A few months ago, we said adios to the traditional text2sql approach and ran an experiment. One that would completely reconstruct our Copilot engine.
Instead of relying on LLMs to generate accurate SQL queries in real-time, we predefined data buckets for each use case and relied on LLMs to pick the right bucket.
More on this approach here.
So, essentially,
Data Bucket + Context + User Prompt → LLM
The LLM in turn understands the context and uses the selected data bucket to answer.
However, the bottleneck with this approach is the size of the data bucket.
For enterprises with data warehouses that make GBs look like KBs, it's simply not feasible to send any data bucket to the LLM directly - no matter how optimised it is.
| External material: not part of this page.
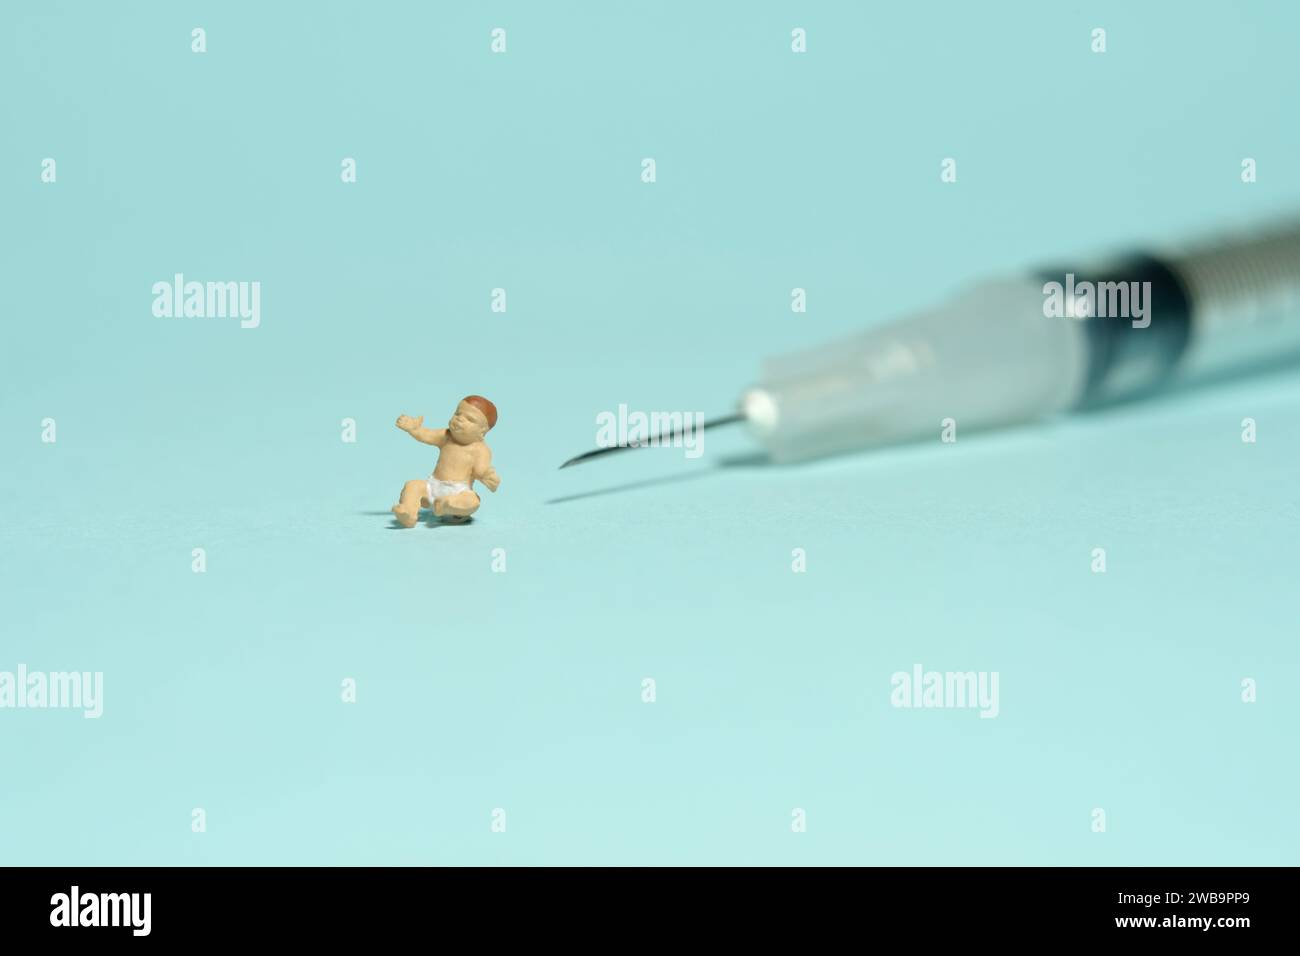 Miniature tiny people toy figure photography. A boy toddler infant baby seat in front of needle syringe. Isolated on blue background. Image photo Stock Photo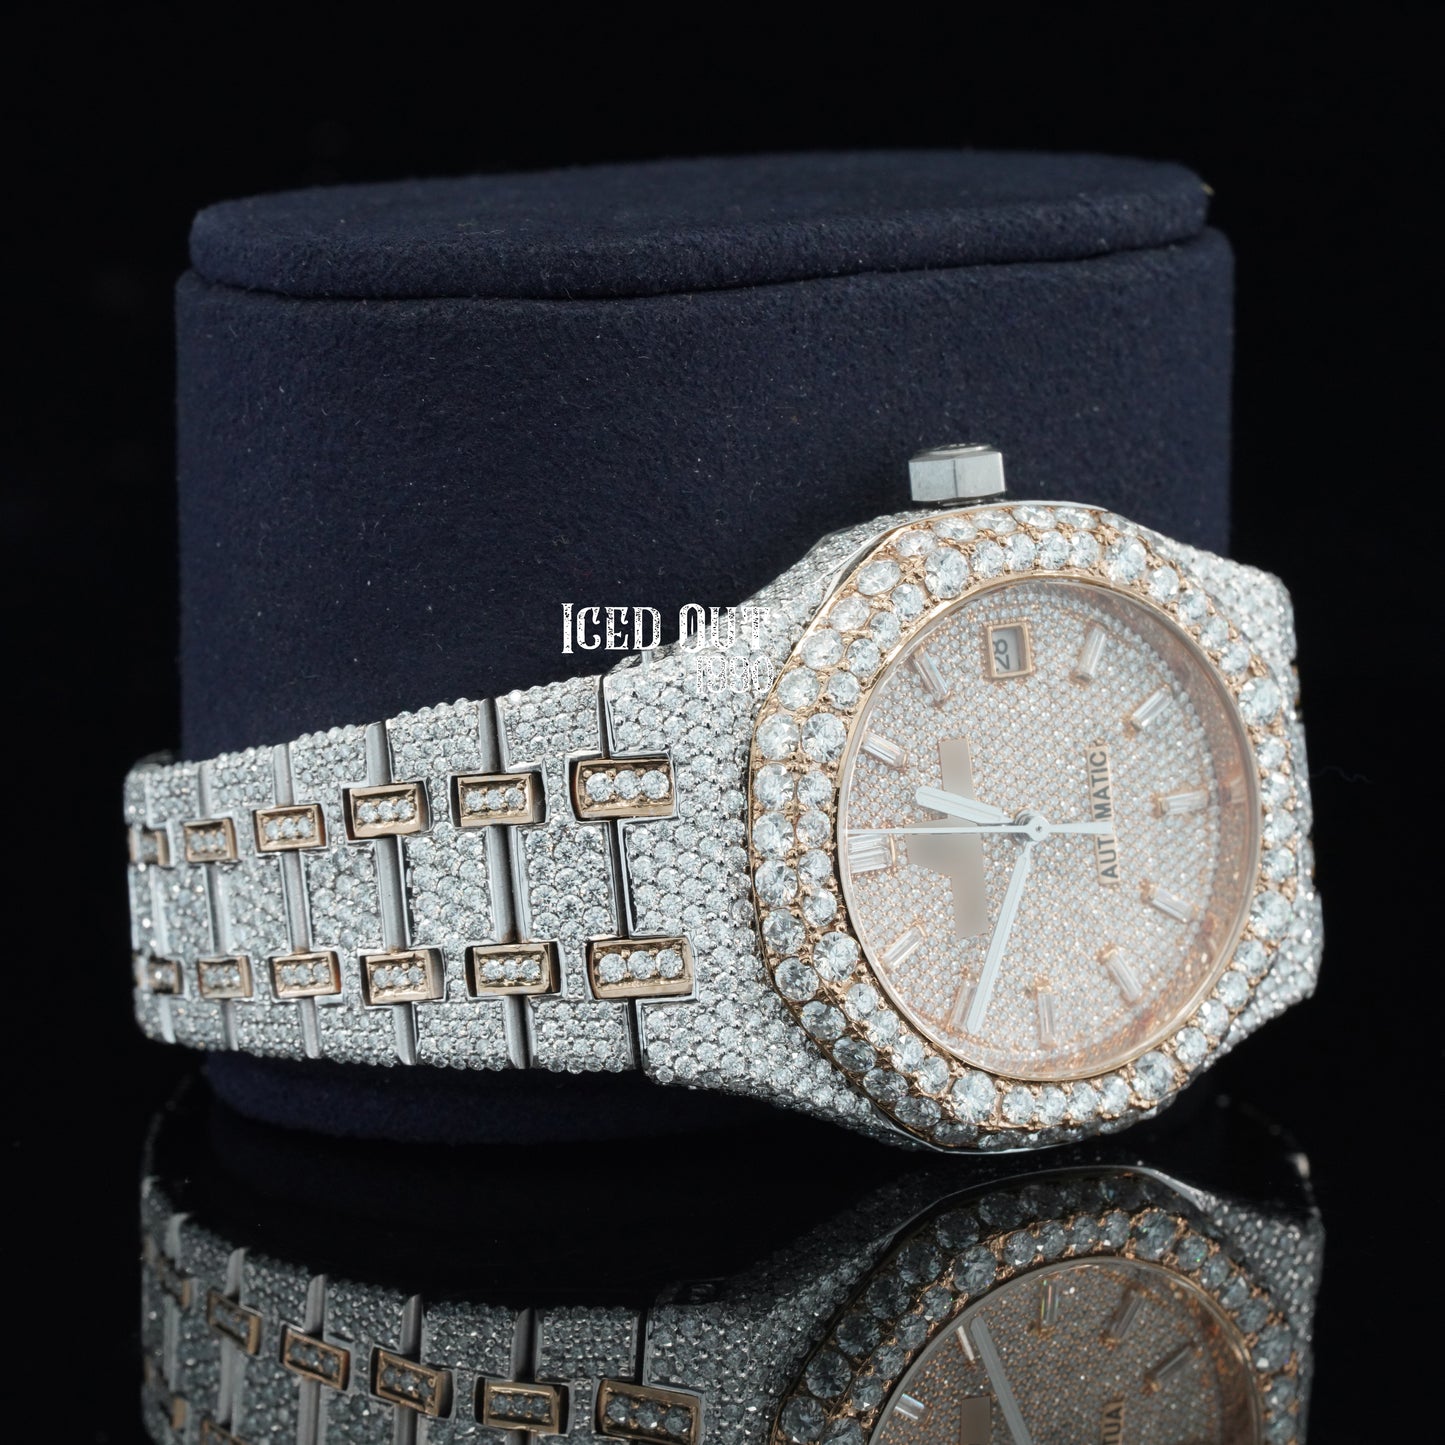 Magnificent Elegant Look Moissanite Diamond Iced Out Bust Down Watch For Men

While LLMs are steadily improving their context window, there is still a lot of ground to cover.
So we did what we do best - EXPERIMENT!
Setting up the Experiment
Went back to the drawing board and broke down the process and realized that all along we’ve been sending data in the JSON format.
So we decided to run a comparison between CSV and JSON formats when sending tabular data to the LLM to answer questions, using Claude 3.5 Sonnet (New).
The key focus of the comparison was evaluating the impact of the data format on accuracy, token usage, latency, and overall cost.
Generating the Testing Dataset
For our test, we used a table containing columns such as ad_id, ad_name, roas, spends, cpm, ctr, and more. We then created 10,000 test questions using various formats, such as:
1. “What is the {metric_name} value for ad {ad_name}?”
2. “Which ad has the {max/min} {metric_name} value?”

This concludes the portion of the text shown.